Boufcoulman commented 2 years ago

Hi,

I'm using again enos after a few months without it, and when I deploy (tested using both no kolla-ansible pinned or with train-eol tag in the reservation.yml file), the deployement goes well, but I can't properly create an instance. When creating an instance, in the UI I get this error : Error: Failed to perform requested operation on instance "test", the instance has an error status: Please try again later [Error: Exceeded maximum number of retries.
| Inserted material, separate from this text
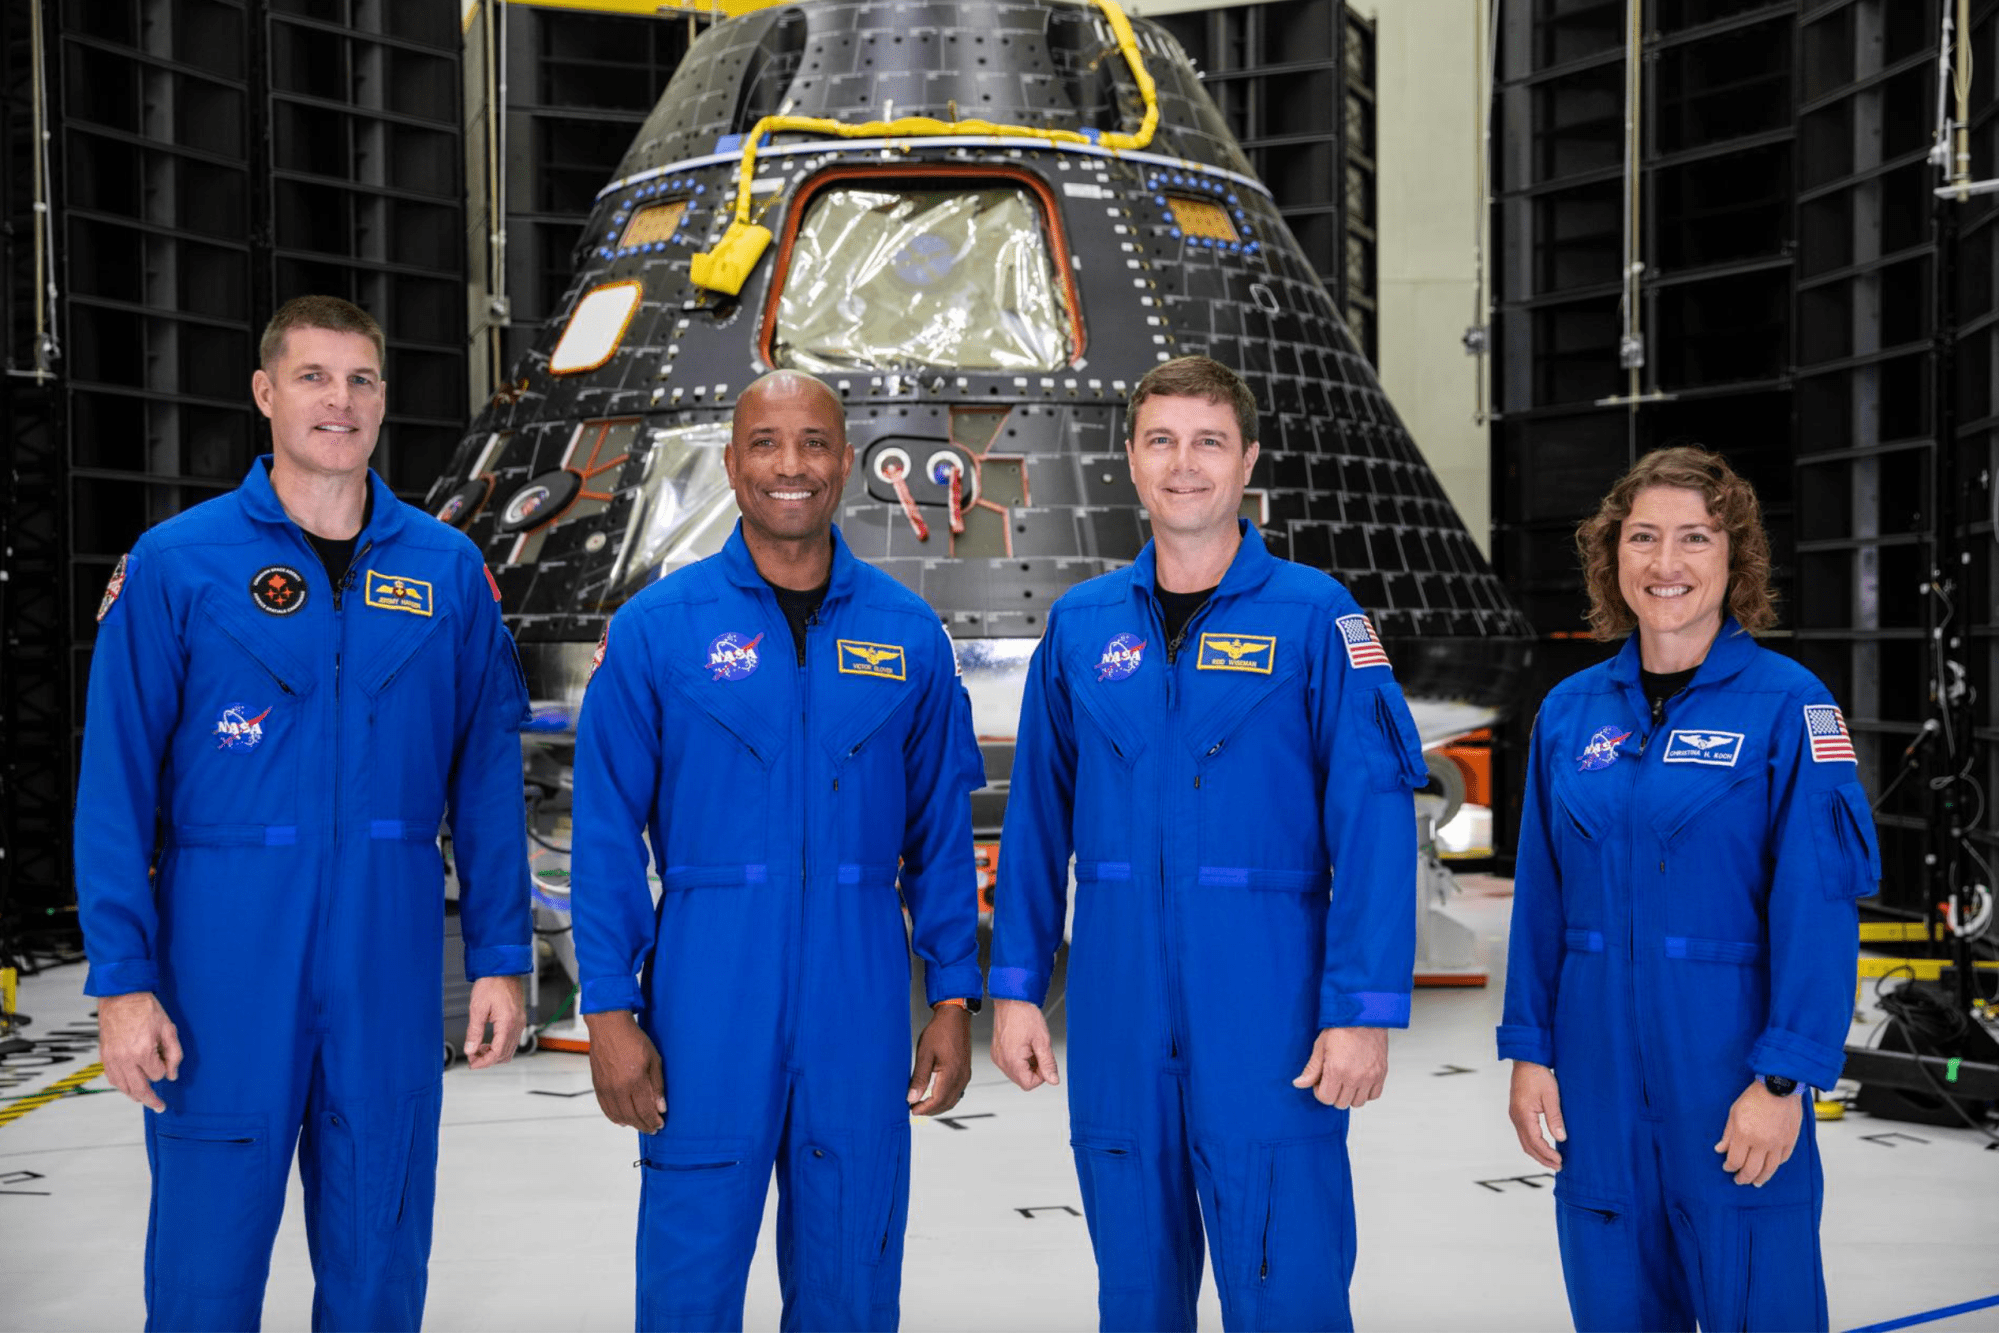 Los cuatro integrantes de la tripulación de Artemis II aparecen aquí de pie frente a su módulo de la tripulación de la nave espacial Orion el día 8 de agosto de 2023, dentro del Edificio de Operaciones y Comprobación Neil Armstrong en el Centro Espacial Kennedy de la NASA en Florida. Visten el mono azul de astronauta.

Exhausted all hosts available for retrying build failures for instance 3828f1c3-d7dd-4309-9119-5f3eecce826f.]. For curiosity, I checked every "nova" docker running on my nodes, and with docker logs nova_compute I get :

+ exec nova-compute
Running command: 'nova-compute'
Traceback (most recent call last):
  File "/usr/lib/python3.6/site-packages/eventlet/hubs/poll.py", line 111, in wait
    listener.cb(fileno)
  File "/usr/lib/python3.6/site-packages/eventlet/greenthread.py", line 221, in main
    result = function(*args, **kwargs)
  File "/usr/lib/python3.6/site-packages/nova/utils.py", line 675, in context_wrapper
    return func(*args, **kwargs)
  File "/usr/lib/python3.6/site-packages/nova/compute/manager.py", line 1716, in _allocate_network_async
    six.reraise(*exc_info)
  File "/usr/lib/python3.6/site-packages/six.py", line 703, in reraise
    raise value
  File "/usr/lib/python3.6/site-packages/nova/compute/manager.py", line 1699, in _allocate_network_async
    resource_provider_mapping=resource_provider_mapping)
  File "/usr/lib/python3.6/site-packages/nova/network/neutronv2/api.py", line 1040, in allocate_for_instance
    bind_host_id, requested_ports_dict)
  File "/usr/lib/python3.6/site-packages/nova/network/neutronv2/api.py", line 1169, in _update_ports_for_instance
    vif.destroy()
  File "/usr/lib/python3.6/site-packages/oslo_utils/excutils.py", line 220, in __exit__
    self.force_reraise()
  File "/usr/lib/python3.6/site-packages/oslo_utils/excutils.py", line 196, in force_reraise
    six.reraise(self.type_, self.value, self.tb)
  File "/usr/lib/python3.6/site-packages/six.py", line 703, in reraise
    raise value
  File "/usr/lib/python3.6/site-packages/nova/network/neutronv2/api.py", line 1139, in _update_ports_for_instance
    port_client, instance, port_id, port_req_body)
  File "/usr/lib/python3.6/site-packages/nova/network/neutronv2/api.py", line 513, in _update_port
    _ensure_no_port_binding_failure(port)
  File "/usr/lib/python3.6/site-packages/nova/network/neutronv2/api.py", line 236, in _ensure_no_port_binding_failure
    raise exception.PortBindingFailed(port_id=port['id'])
nova.exception.PortBindingFailed: Binding failed for port 022879f1-3cc3-482f-b144-574f38d2b4f0, please check neutron logs for more information.
Removing descriptor: 18

and more errors in any of the other "neutron" or "nova" docker containers.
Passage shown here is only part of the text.